Maintaining a balanced inventory to meet customer demand has always been a tricky process. During slow seasons, you have to worry about the waste of capital and an increase in operational costs. On the flip side, not having enough stock during busy periods could lead to missed sales and harm to reputation.
Inventory Control Methods
Balancing inventory levels will depend on the type of inventory management solution that is used: push inventory or pull inventory. Push inventory management involves ordering products based on future customer demand. The forecasting can be for the next month, quarter, or even a year. A major disadvantage to push inventory is the higher chance of overstocking.
With pull inventory, your goal is to have a minimal amount of stock on hand. Inventory is refilled by what customers have already ordered. Some issues with this system are the high manufacturing costs and potentially inaccurate forecasts. To overcome this shortfall, some businesses are combining push inventory with pull inventory.
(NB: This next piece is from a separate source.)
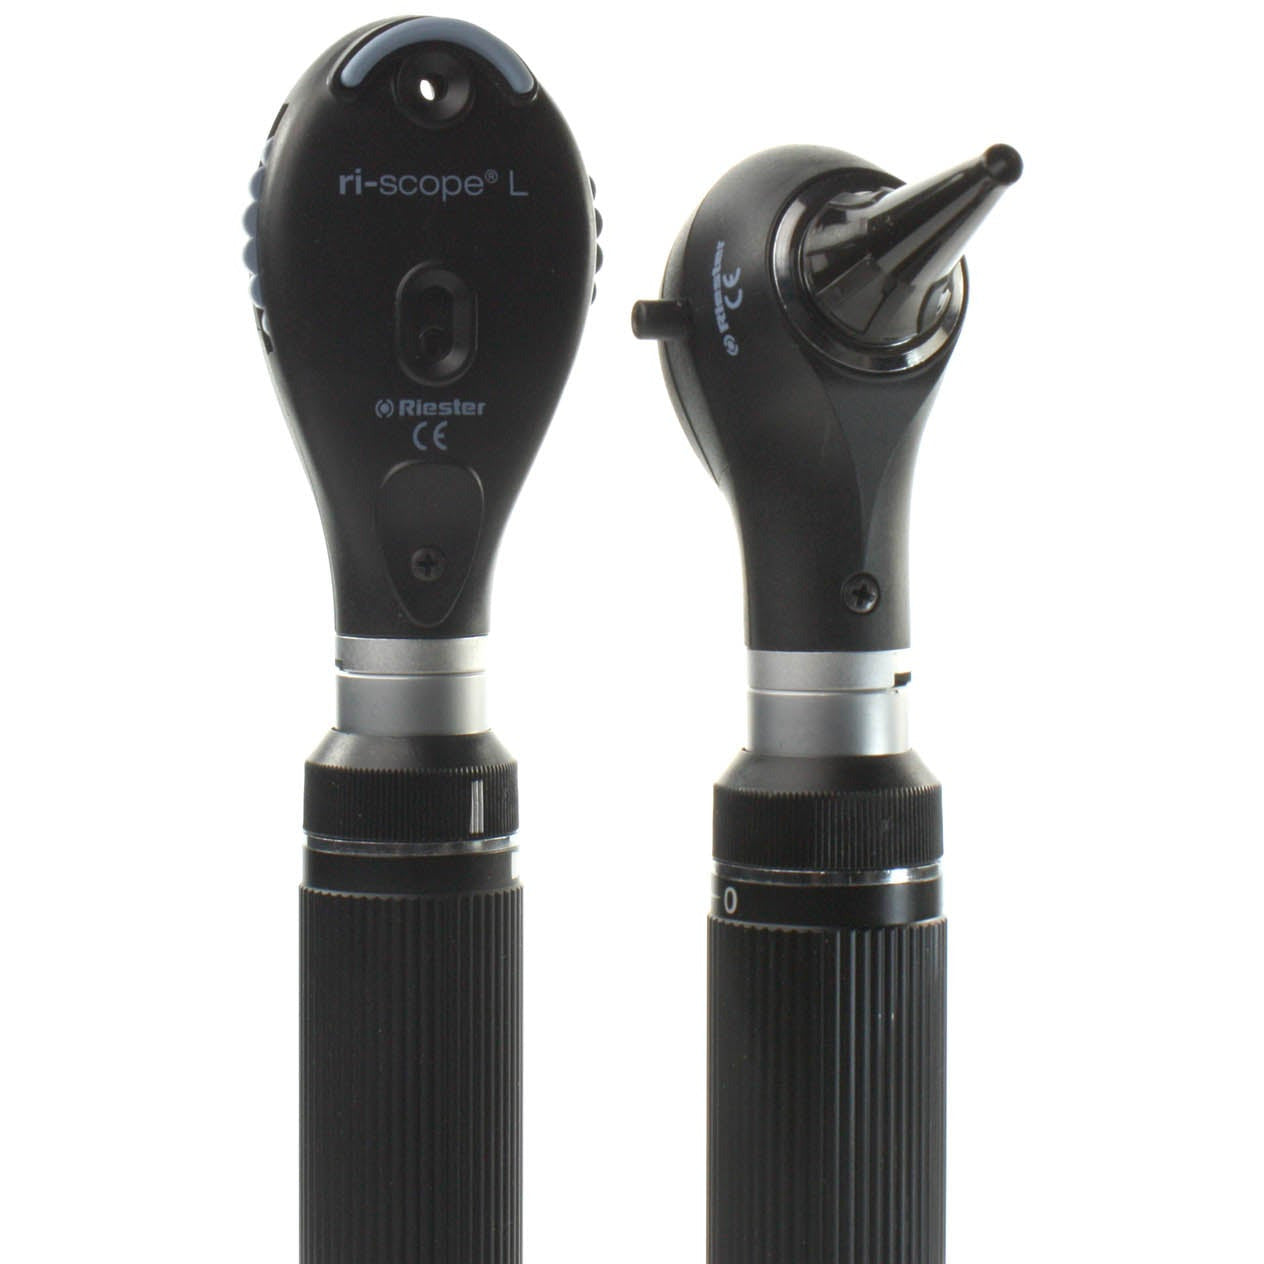 Riester Ri-scope L2 Otoscope and Ophthalmoscope 3.5V LED Set

Accuracy Is Important for Balanced Control
Even with efficient methods to procure inventory, an inaccurate materials count can cause these control methods to fail. You could lose inventory when it is not placed on the correct shelves or in the right area. This could lead to false data in your records and disrupt the manufacturing process.
Many organizations are turning to management software and automated systems to help balance their inventory. These solutions allow for better inventory accuracy using tools such as real-time data entry. With this tool, sales representatives will have a better idea of which products to advertise, while warehouse staff will know precisely where goods are located and in what quantities.
Building a balanced inventory scale is essential for meeting customer demand and streamline warehouse operations. Evaluating your method and adopting the right inventory planning model should allow you to successfully stock and deliver goods for customers.